26 U.S.C.A. § 5872 provides that firearms which have not been owned or transferred in conformity with the revenue laws are subject to seizure and forfeiture, with the applicable provisions of the internal revenue laws providing the appropriate substantive guidelines in such proceedings. Moreover, 49 U.S.C. A. § 781 states that it is (a) unlawful for any vehicle to be used to (1) “transport, carry, or convey,” (2) “to conceal or possess,” or (3) “to facilitate the transportation, carriage, conveyance, concealment, receipt, possession, purchase, sale, barter, exchange, or giving away” of any contraband article, a contraband article being defined as:

“(b)(2) Any firearm, with respect to which there has been committed any violation of any provision of the National Firearms Act or any regulation issued pursuant thereto.” 49 U.S.C.A. § 781.

And any vehicle used to violate the provisions of § 781 “shall be seized and forfeited.” 49 U.S.C.A. § 782.

*189Further, 26 U.S.C.A. § 7327 provides that with regard to remission and mitigation, the provisions of the customs laws apply. That provision of the customs laws which applies in this ease states that any person with an interest in any forfeited vehicle or merchandise may petition the Secretary of the Treasury for the remission or mitigation of the forfeiture. 19 U.S.C.A. § 1618.

The claimant should not be permitted to by-pass this remedy unless it can be shown that he was deprived of a substantial right in the civil action. See, e. g., United States v. United States Coin & Currency, 401 U.S. 715, 91 S.Ct. 1041, 28 L.Ed.2d 434 (1971), wherein claimant’s goods were returned because of inability to assert privilege against self-incrimination; McKeehan v. United States, 438 F.2d 739 (6th Cir. 1971), wherein the Court stated that constitutional protections were to apply in a forfeiture proceeding, namely, due process as to the claimant.

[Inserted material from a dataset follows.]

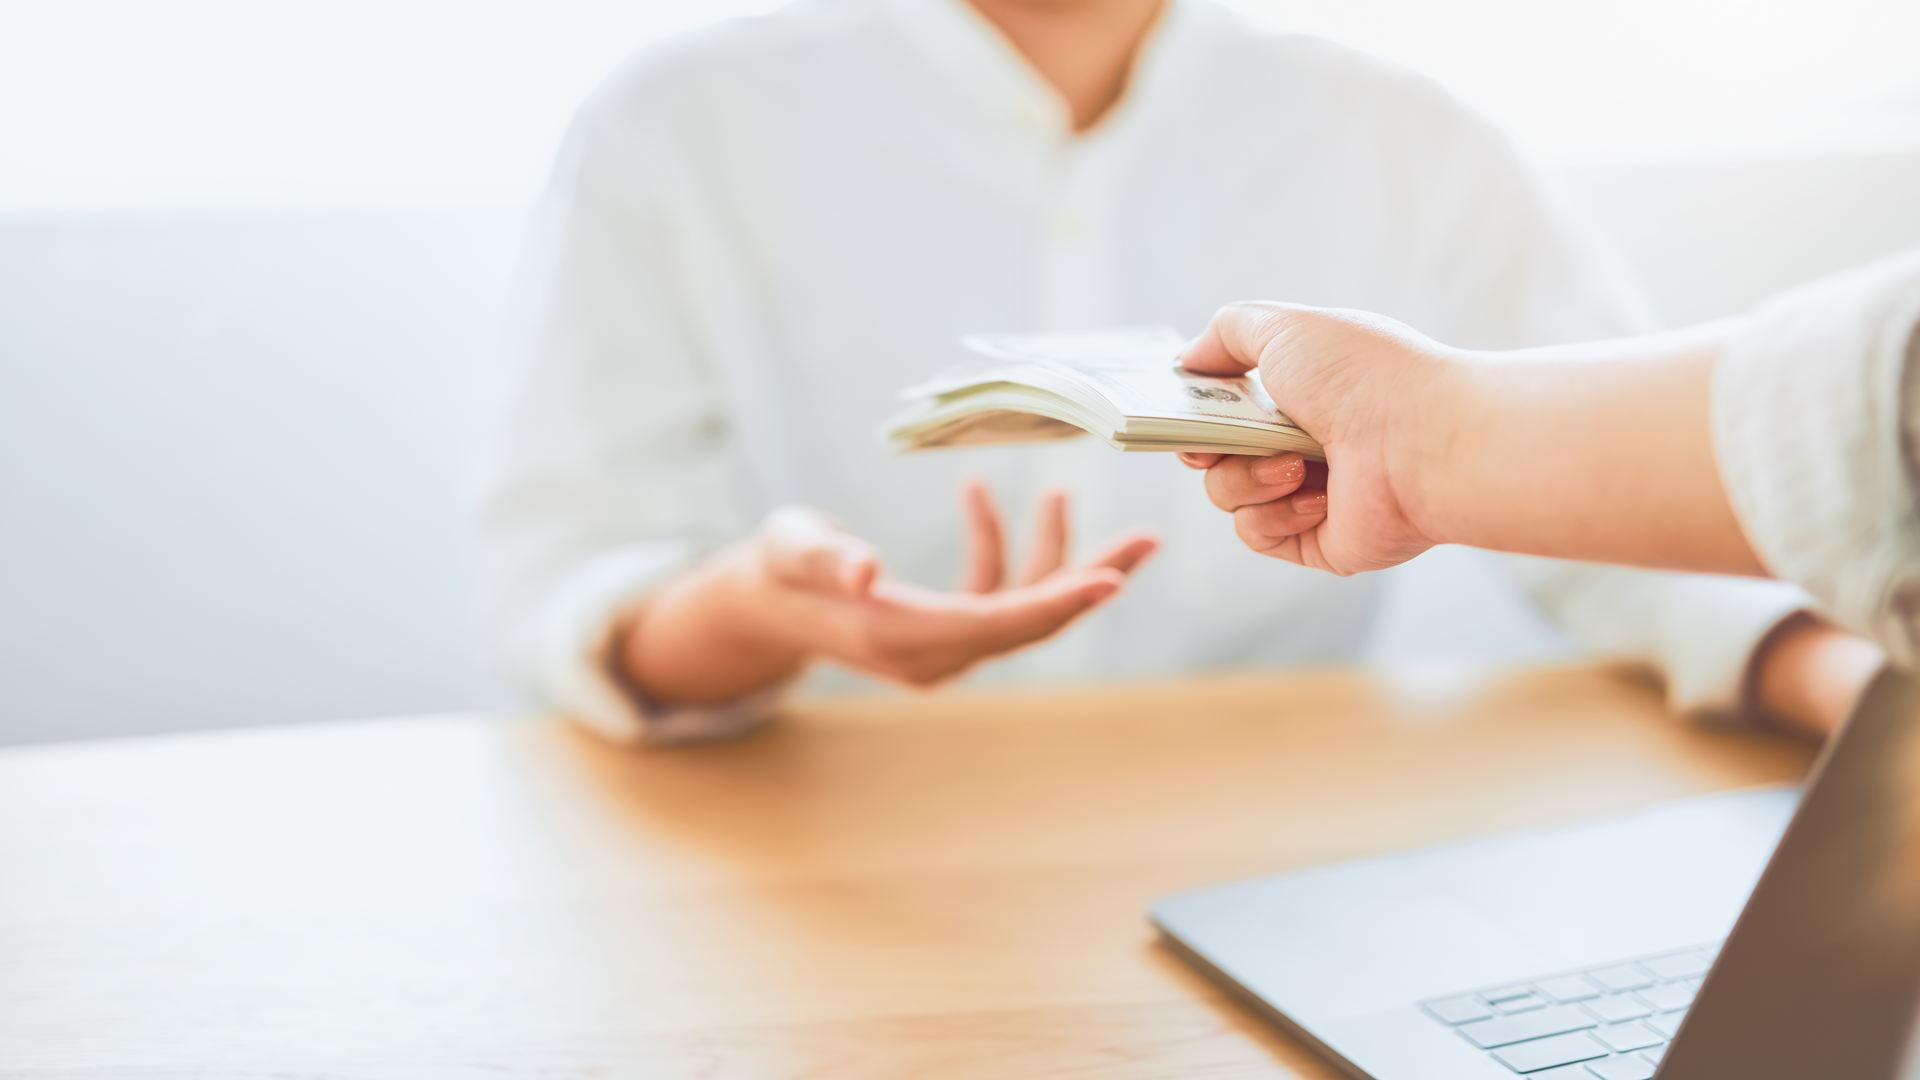 מעסיק משלם פיצויי פיטורין לעובד

Therefore, it may be seen that the claimant cannot prevail by merely contending that he was adjudged “not guilty” of the crimes associated with the forfeited goods. He alleges no constitutional deprivations, nor has he offered proof thereof; and, traditionally, the mere innocence of the claimant has not been enough to set aside a forfeiture judgment. See United States v. One 1961 Cadillac, 337 F.2d 730 (6th Cir. 1964).

Thus, it seems readily apparent that the proper course for the claimant is to petition for remission or mitigation, since;

“[i]t is not to be presumed that the Secretary will not conscientiously fulfill this trust, and the courts have intervened when the innocent petitioner’s protests have gone unheeded.” (Citations omitted.) United States v. United States Coin & Currency, supra, 401 U.S. at 721, 91 S.Ct. at 1045.

Therefore, it is ordered that the claimant’s motion for relief from judgment be and is hereby overruled.